Según la ratio precio/beneficio (P/E) futura, sigue situándose una desviación típica por encima de su media a largo plazo.

Las monedas de países emergentes a niveles bajo

Ciertas monedas donde Credit Suisse Private Banking Research ha sido particularmente negativo desde el año pasado (como el Real Brasilero) se encuentran a niveles extremos. Actualmente, los niveles de las monedas emergentes se encuentra a un punto bajo de 12 años, correspondiendo a niveles de 2009. Según el estratega de mercados emergentes de Credit Suisse Investment Banking, la recién debilidad de las monedas emergentes ha explicado 85% del rendimiento total negativo de los mercados emergentes desde septiembre a diciembre 2014. La reciente consolidación del dólar dado los recién datos débiles de los Estados Unidos y la recuperación del petróleo han permitido una recuperación de a las monedas emergentes que indirectamente ayudo al mercado de renta variable. Después de una subida de 32% del dólar en comparación a las varias divisas desde el punto bajo de 2011 y ciertas dudas sobre la próxima subida de tasa por la Reserva Federal (FED, por sus siglas en inglés), podríamos eventualmente ver una consolidación más larga del dólar estadounidense y ayudar aún más los países emergentes.

En conclusión, Credit Suisse Private banking tiene una visión más bien Neutra de los mercados emergentes en general, prefiriendo la zona asiática (especialmente China) en comparación a los países Latino Americanos que todavía sufren de una situación de materias primas débiles y de baja demanda.
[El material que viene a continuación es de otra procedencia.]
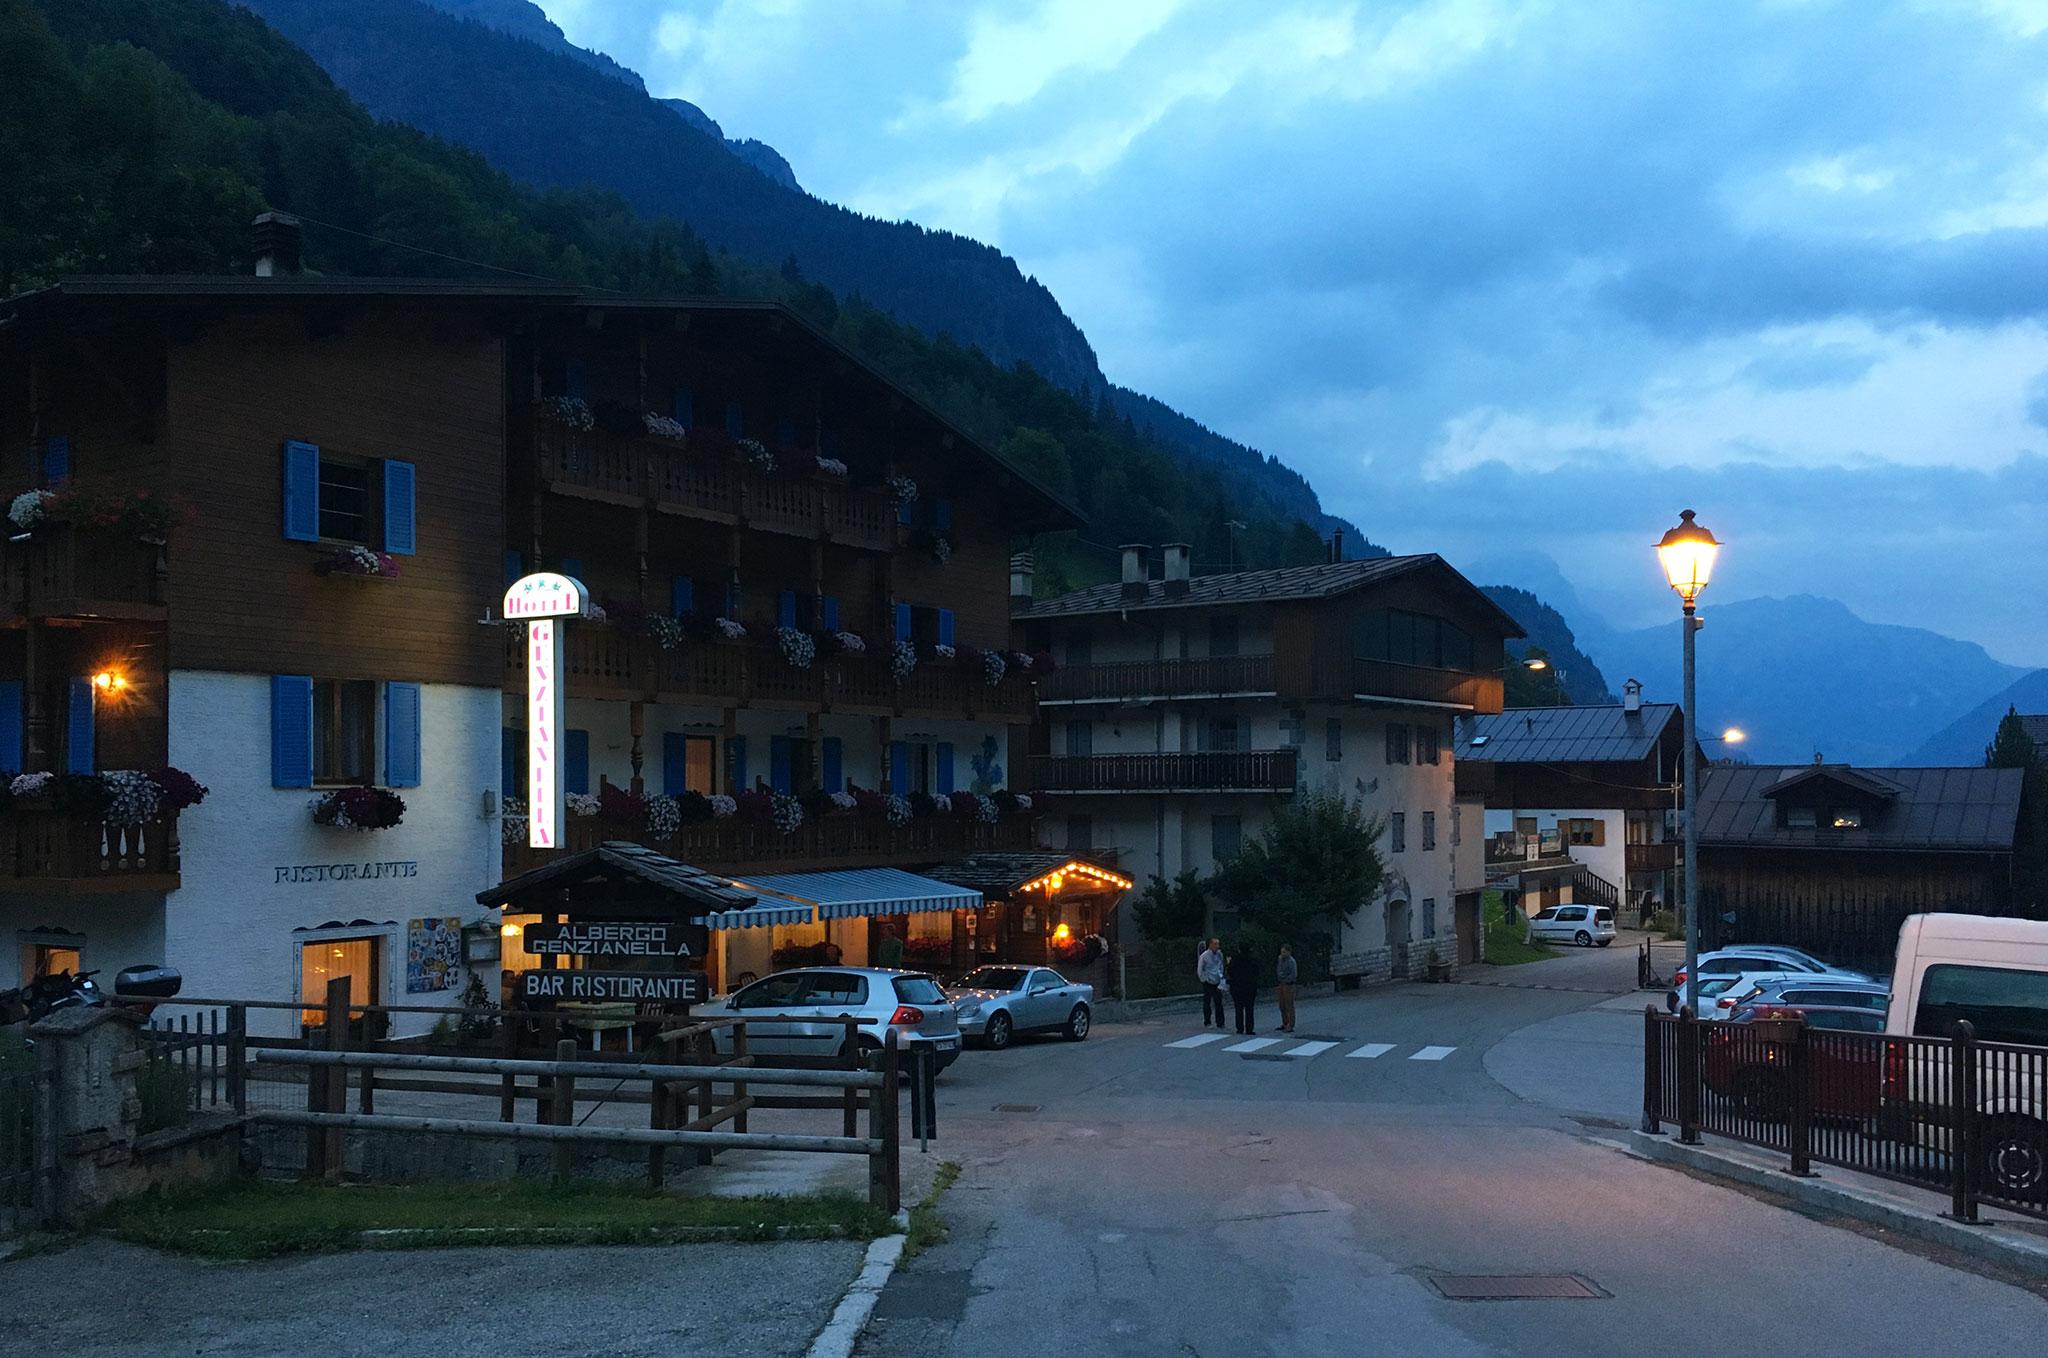 Hotel Albergo Gianzinella in Sottoguda by night

Principalmente, la visión neutra se basa sobre la baja valuación de los precios en relación a los beneficios en comparación a los otros mercados del mundo y una estabilización de China a mediano plazo que indirectamente tendría que sostener la demanda en materias primas y ayudar a los países Latino Americanos. En fin, un reequilibrio de la demanda-oferta en el sector petrolero, donde los inventarios tendrían que disminuir en la segunda parte del año, podría empujar el precio del petróleo en dirección de los $70 -en los próximos 12 meses. Un precio, que por seguro, apoyará varias economías emergentes que lo producen.